For us this entire and very interesting biological phenomenon of directed interphase chromosome movements disappeared with phototoxicity under what most people would consider minimal irradiation.
Several years ago we switched to the Applied Precision OMX platform, where with laser monochromatic excitation and EMCCD cameras we have been able to significantly decrease the phototoxicity effect and extend our observations. We are about to submit a new manuscript describing chromosome movements up to 5-6 microns directed towards nuclear speckles when we transcriptionally activate a Hsp70 transgene.
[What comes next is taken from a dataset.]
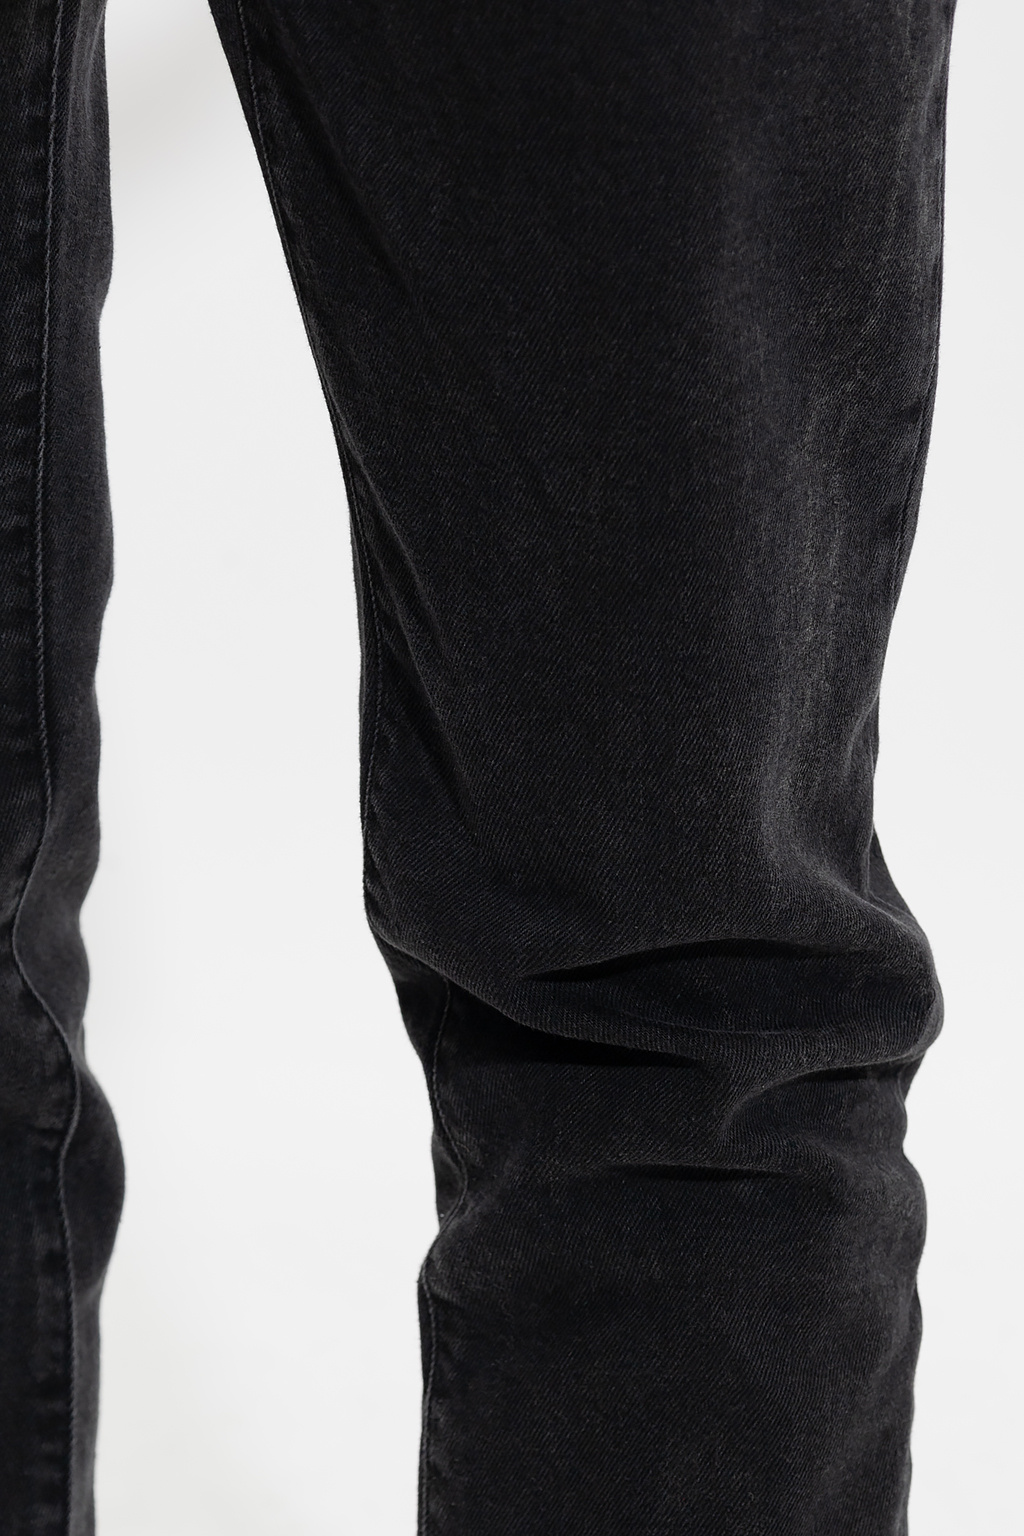 Louis Vuitton Black Faded Effect Denim Slim Fit Jeans XL Louis Vuitton |  The Luxury Closet

But even in this study we still see this movement decrease in frequency as we increase our exposure totals. We suspect investigators with conventional systems would miss this long-range chromosome movement entirely.
Finally, I like your suggestion about measuring cell cycle parameters as a simple test of phototoxicity. Many people using live cell imaging use the ability of cells to progress through mitosis as a quality check, but this is very different from showing that there is no actual perturbation in cell cycle parameters. One assay my laboratory has explored is using the time delay between the end of S phase and mitosis as an assay for phototoxicity. We found that before an overt block in mitosis was observed we could observe a lengthening of the G2 period, as measured from multiple cells in live experiments using a GFP-PCNA expressing cell line.
But I agree with you that this is not sufficient. Ideally, what I like to see in our experiments is some type of observable- directly related to the scientific phenomenon we are studying- that we can measure in fixed populations that have never been exposed to light. We can then compare this to the same observable as measured in our live cell imaging experiments.
Thank you for highlighting this problem.